Melancolía. Cortometraje 16"
La migración, forzada o voluntaria, es sin duda una experiencia que tiene un potente impacto emocional definitivo, implica no solo el desplazamiento, el desprendimiento y la pérdida, sino también, la búsqueda de nuevos arraigos dentro de un viaje íntimo que va desde la propia historia hasta la adaptación y asimilación a partir del encuentro con otras culturas. Esta asombrosa hazaña de transculturalismo y la capacidad de crear culturas nuevas y nuevos lenguajes complejos, producto del intercambio entre formas distintas de pensar y estar en el mundo, es el tema central que aborda Mina Bárcenas en su muestra Los Bártulos, que forma parte del proyecto Un Escarabajo en la Biblioteca, una serie de intervenciones artísticas en la biblioteca de la galería Patricia Conde bajo la curaduría de Patricia Lagarde.

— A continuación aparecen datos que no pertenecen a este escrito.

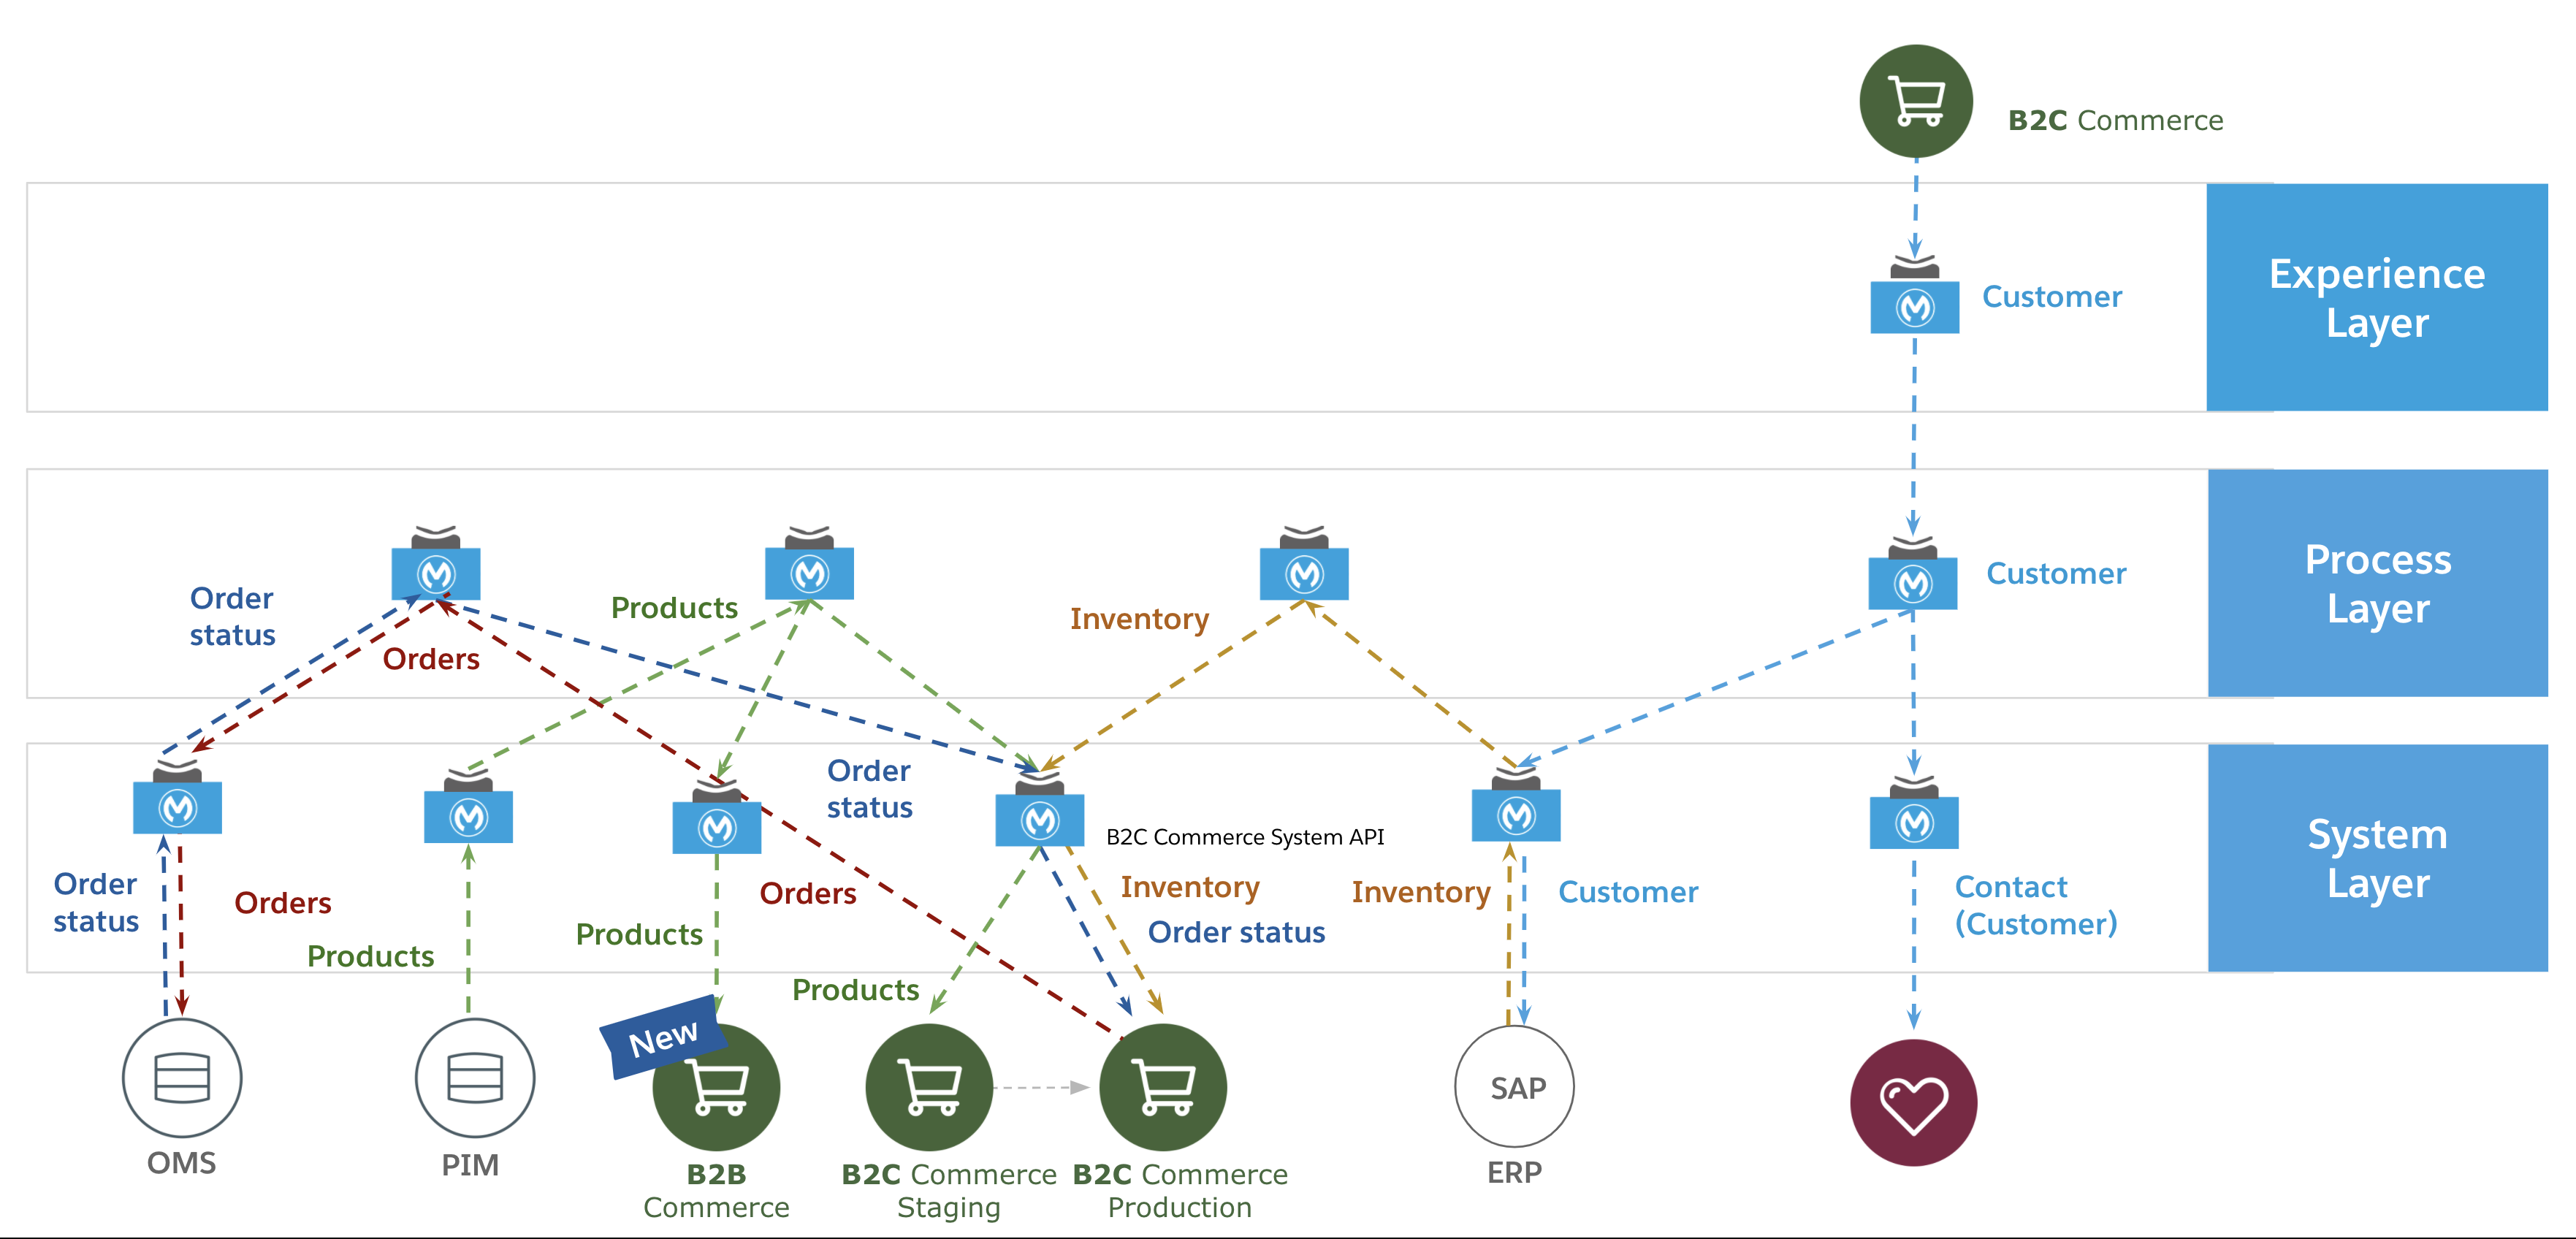 sfc-b2c-com-mainpage-use-case-diagram.png

En esta muestra, el acto de migrar se manifiesta como una metáfora del movimiento que nos deja la huella del recuerdo, de los espacios perdidos, de los objetos abandonados y de la separación de las personas que amamos. Sobreponerse a la conmoción de vivir como una persona desplazada requiere de una enorme fortaleza y de la capacidad de desligamiento de una parte de nuestra historia, no solo de todos esos bártulos que nos fueron significativos, sino también de lo no perdido, de lo recuperado y lo reconstruido. Ceslaw Milosz en la introducción que escribió para el libro Exilio de Joseph Koudelka nos recuerda que, decir adiós al propio país de origen, a sus paisajes y costumbres, nos lleva a una tierra de nadie, es una libertad que aterroriza y nos deja como único remedio, para no perder el rumbo, el crear un rumbo propio, un nuevo norte, un este, un oeste y un sur propios.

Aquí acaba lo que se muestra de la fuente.